In fact, the researchers believe that microarousals are “an essential component of the normal sleep microarchitecture” in mammals, allowing the memory system to “reboot” several times a night. When the brain goes back to sleep, it can lead to better memory retention in general.
“You may think that sleep is a constant state that you are in and then wake up. But sleep is much more than meets the eye,” explains neuroscientist Celia Kjerby from the University of Copenhagen in Denmark.

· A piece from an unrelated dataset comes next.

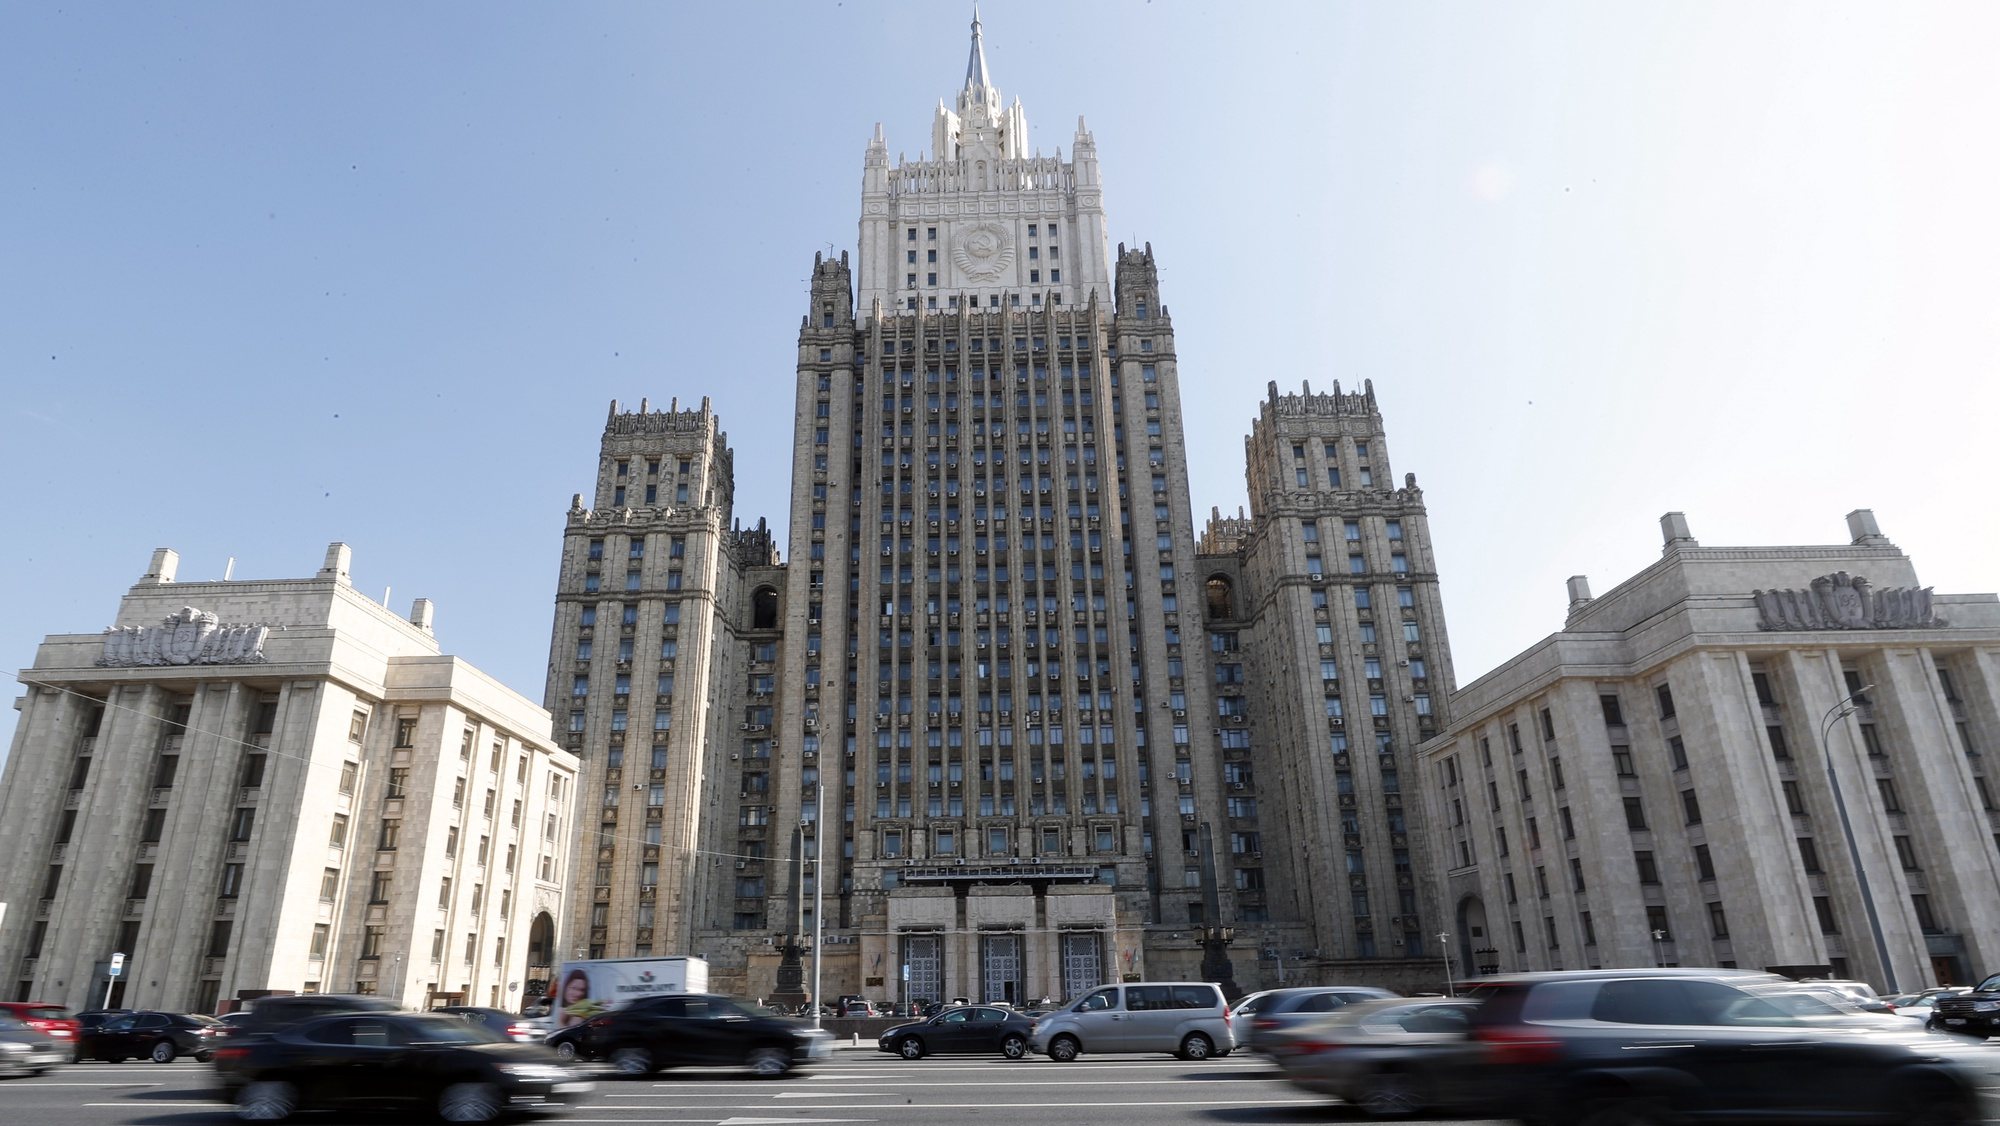 epa07002953 A view of Russian Foreign Ministry building in Moscow, Russia, 07 September 2018. As media reported, the Russian Foreign Ministry spokesperson Maria Zakharova said at a press briefing on 07 September 2018, the United States and the United Kingdom are the principal beneficiaries of the Salisbury incident. The former Russian spy Sergei Skripal aged 66 and his daughter Yulia, aged 33, were found suffering from extreme exposure to a rare nerve agent in Salisbury southern England, on 04 March 2018.  EPA/MAXIM SHIPENKOV
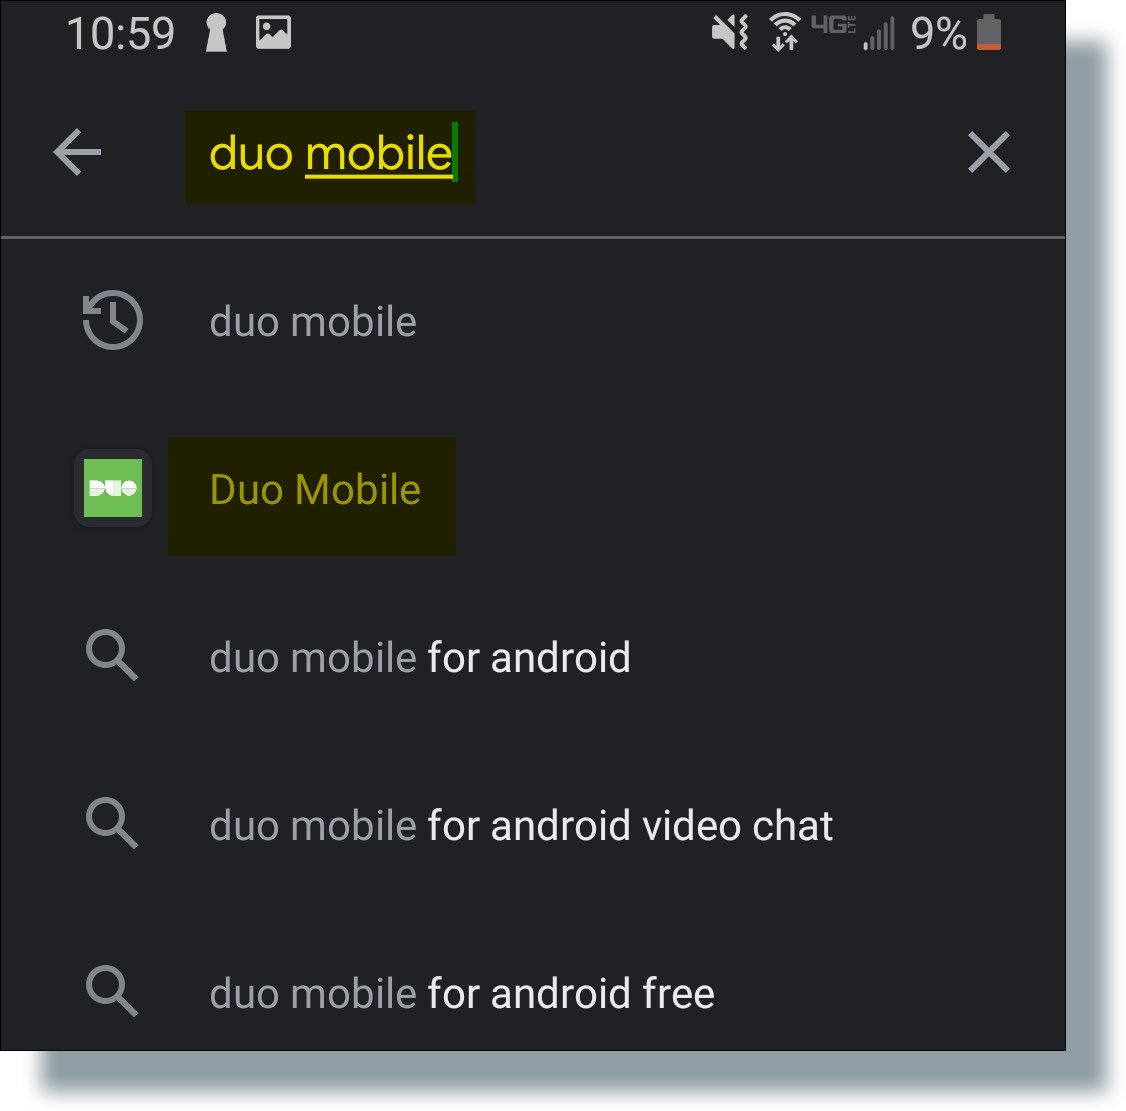 Enter 'duo mobile' in search box and then select 'Duo Mobile' from search results

“We learned that norepinephrine [also called norepinephrine] makes you wake up more than 100 times a night. And that’s during perfectly normal sleep.”
Norepinephrine (NE) is a brain chemical and hormone associated with stress and wakefulness.
Previously, scientists thought that NE levels were largely stable during sleep in mammals, but the current study in mice suggests otherwise. In fact, the researchers found that the more fluctuations in NE activity during sleep in mice, the better overall rest.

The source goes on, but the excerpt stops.